Graham was reluctant about the swerve in direction at first, but went along with it, although his initial vision for a Micro Machines game was a little different. ‘At the time I was thinking of putting the toy cars in realistic environments that were suitable for each range,’ he says. ‘So the tanks would go in a battlefield, the sports cars on a racing track – that seemed the obvious thing to do. But we were talking to Nigel Fletcher who used to do illustrations for Codemasters, he did all the Dizzy covers, and he suggested why don’t you have them racing around kitchen tables? It simply hadn’t occurred to me.’
Graham was put together with artist Paul Perrot and like several other teams at Codemasters, the two of them worked out of a Portakabin in the grounds of the farm where the studio was founded. They began brainstorming recognisable household locations that would be flat enough to race toy cars on. ‘It turns out that there’s not as many as you’d think, so there were quite a lot of table tops,’ says Graham. ‘We also tried to keep to locations where kids would be playing, so there are school desks and breakfast tables.’ The line up included a bathtub, breakfast table, school desk, garage floor, sand pit and garden patio, all filled with witty scenic flourishes – rubber ducks, cereal boxes, oil cans and rulers forming precarious bridges. The ingenious element was the way the team used contextual objects as conventional racing game obstacles – spilled ink became an oil slick, puddles of milk became water hazards, playing cards were ramps. In this way the miniaturised worlds feel tactile and immersive, despite the limitations of the NES hardware.
‘The most challenging part was cramming it all into the cartridge,’ says Graham. ‘We had 128k which seemed really luxurious until we got going. I think you had one character set of 256 characters for the sprites and another one for background which was very limiting, and you could flip graphics but you couldn’t rotate them so I had to have loads of different sprites for all the rotations of the cars. Going back and playing it now, the environments look really rough because there just wasn’t that much to work with. The character-based nature of the graphics meant that large, curved things would take up most of the character set, and so there would be more repetition.

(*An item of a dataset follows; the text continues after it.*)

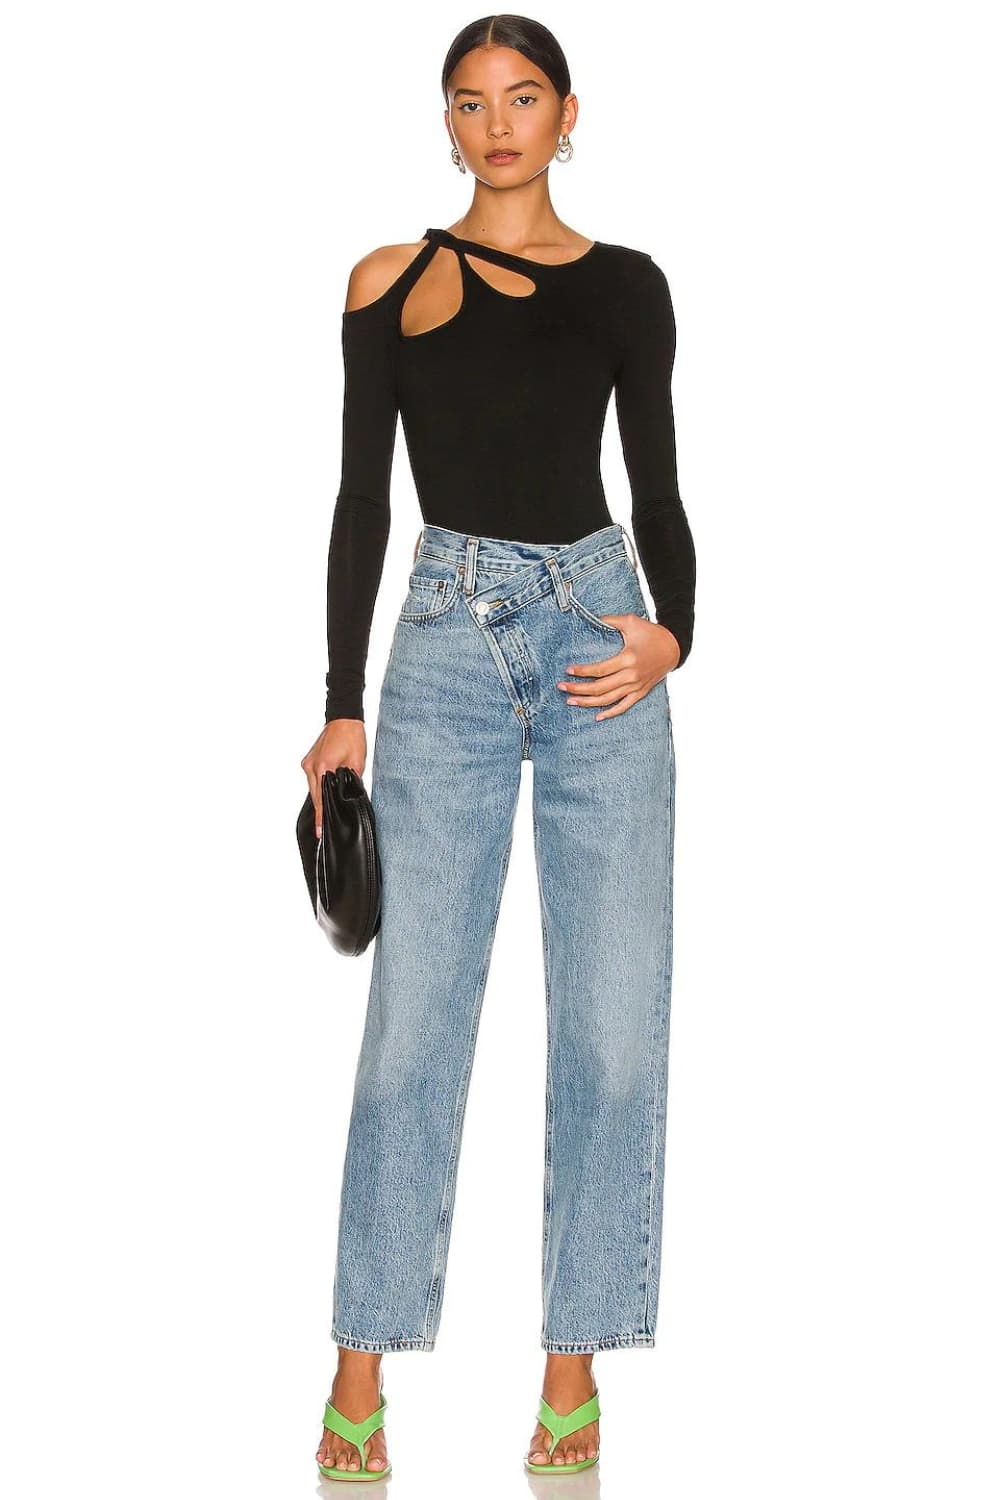 Bar outfit for ladies - Black Bodysuit and Jeans

We had to think a lot about our character budget, and where we wanted to spend it.’ Perrot created the art using Deluxe Paint, the standard bitmap graphics editor of the era, but Codemasters also developed proprietary software for managing the NES system’s limited colour palette.
While the focus of the game was clearly the head-to-head option, Graham also included a single-player Challenge mode, where players competed against computer controlled drivers over a series of races. This meant developing some kind of AI system with the game already pushing at the limits of the cart capacity. However, Gavin Raeburn, the coder behind Spectrum and C64 driving game, Rallycross Simulator, had an economical solution. ‘Essentially you cover the entire map in an invisible layer of arrows which tell each car in which direction to drive whenever it’s in that part of the map,’ says Graham. ‘So there are arrows all along the track itself, and there are arrows off the track which point back to it. That’s about as far as the AI goes. What I’ve found over the years is that people read a lot more into it!’

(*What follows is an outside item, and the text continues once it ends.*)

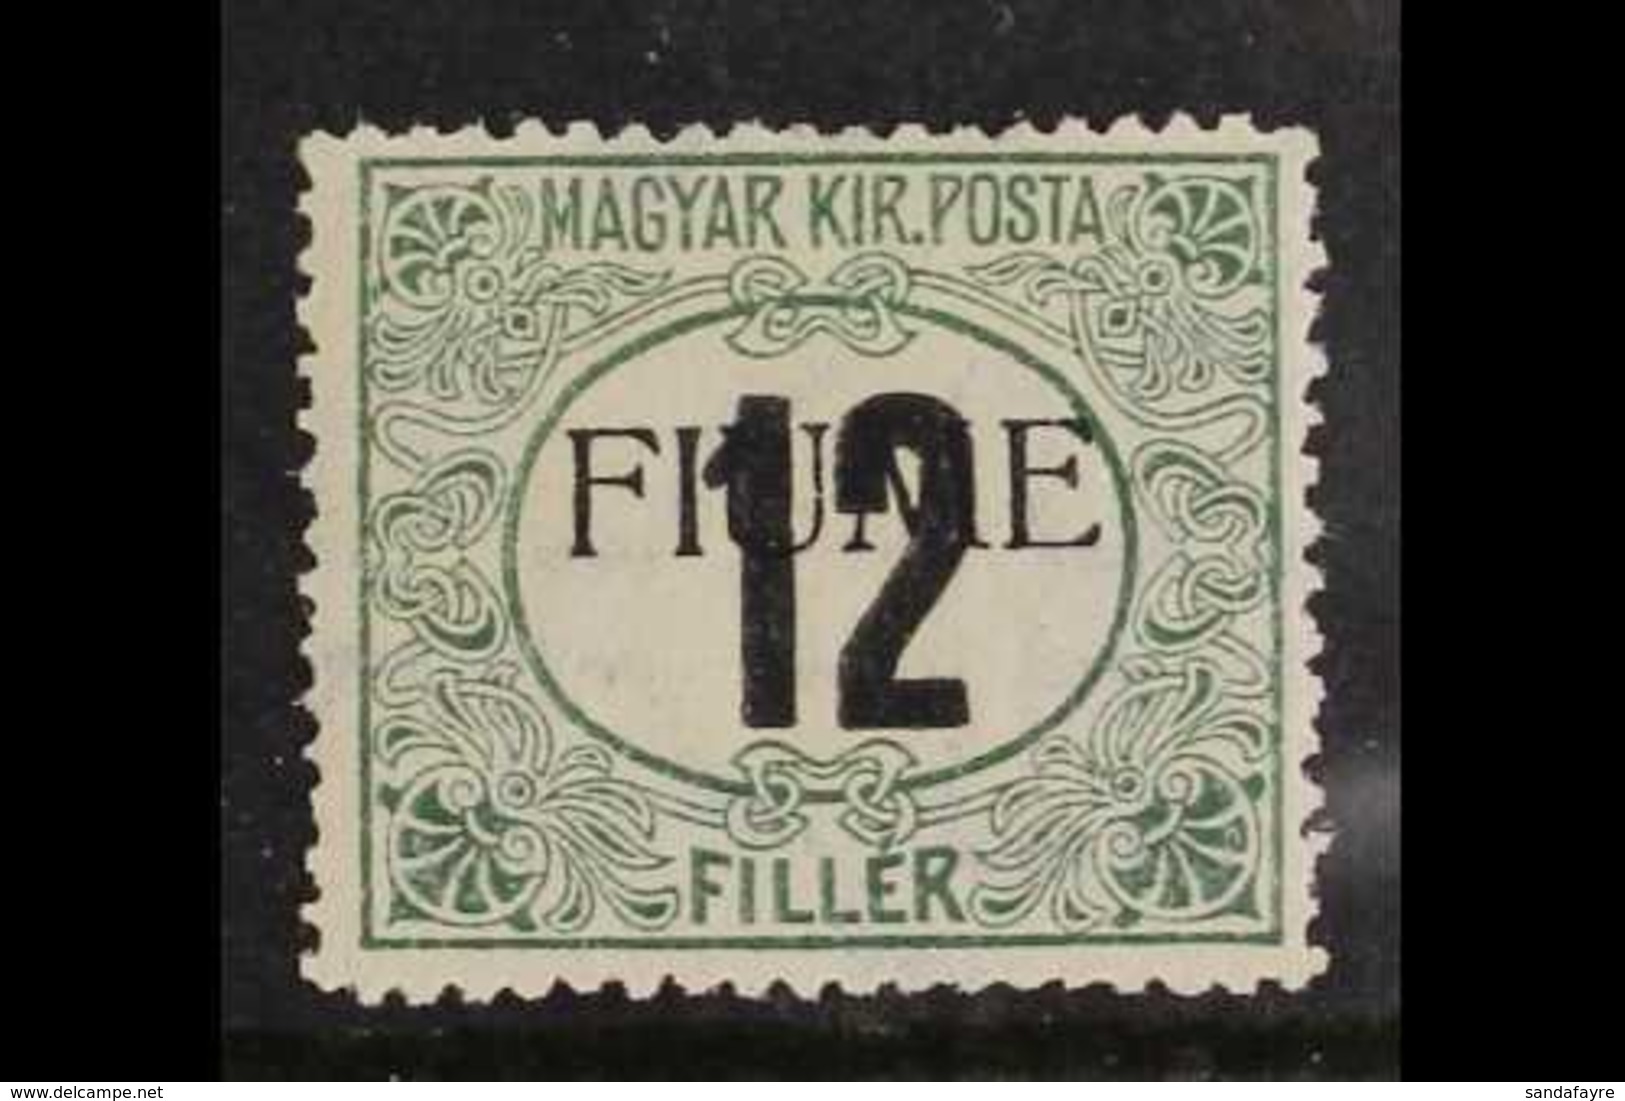 POSTAGE DUE  1918 12f Black & Green Overprint (Sassone 2, SG D30), Fine Mint, Very Fresh, With Raybaudi Photo-certificat - Fiume

Essentially you cover the entire map in an invisible layer of arrows which tell each car in which direction to drive whenever it’s in that part of the map … That’s about as far as the AI goes. What I’ve found over the years is that people read a lot more into it!
According to Graham, the game also used a rubber banding system to hold the AI drivers close to the player, and each computer car was ranked in terms of top speed, acceleration and grip with the character Spider being the fastest.

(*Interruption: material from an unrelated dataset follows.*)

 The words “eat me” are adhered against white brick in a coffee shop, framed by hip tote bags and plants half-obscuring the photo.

Initially uncertain about how popular such a multiplayer-focused game would be, Graham and the team first included a few hybrid modes to provide more choice. This included a version of the head-to-head mode which also featured AI drivers competing for the points. Unfortunately, human players could always work out little cheats and shortcuts to get ahead of the AI cars and earn free points. ‘Sadly the AI wasn’t up to learning from its mistakes,’ says Graham. The team also looked at offering a handicapping system in multiplayer mode so that the more skills player could choose a slower car. This didn’t work because as soon as the two players arrived at a straight, the competitor with the faster car was guaranteed a point.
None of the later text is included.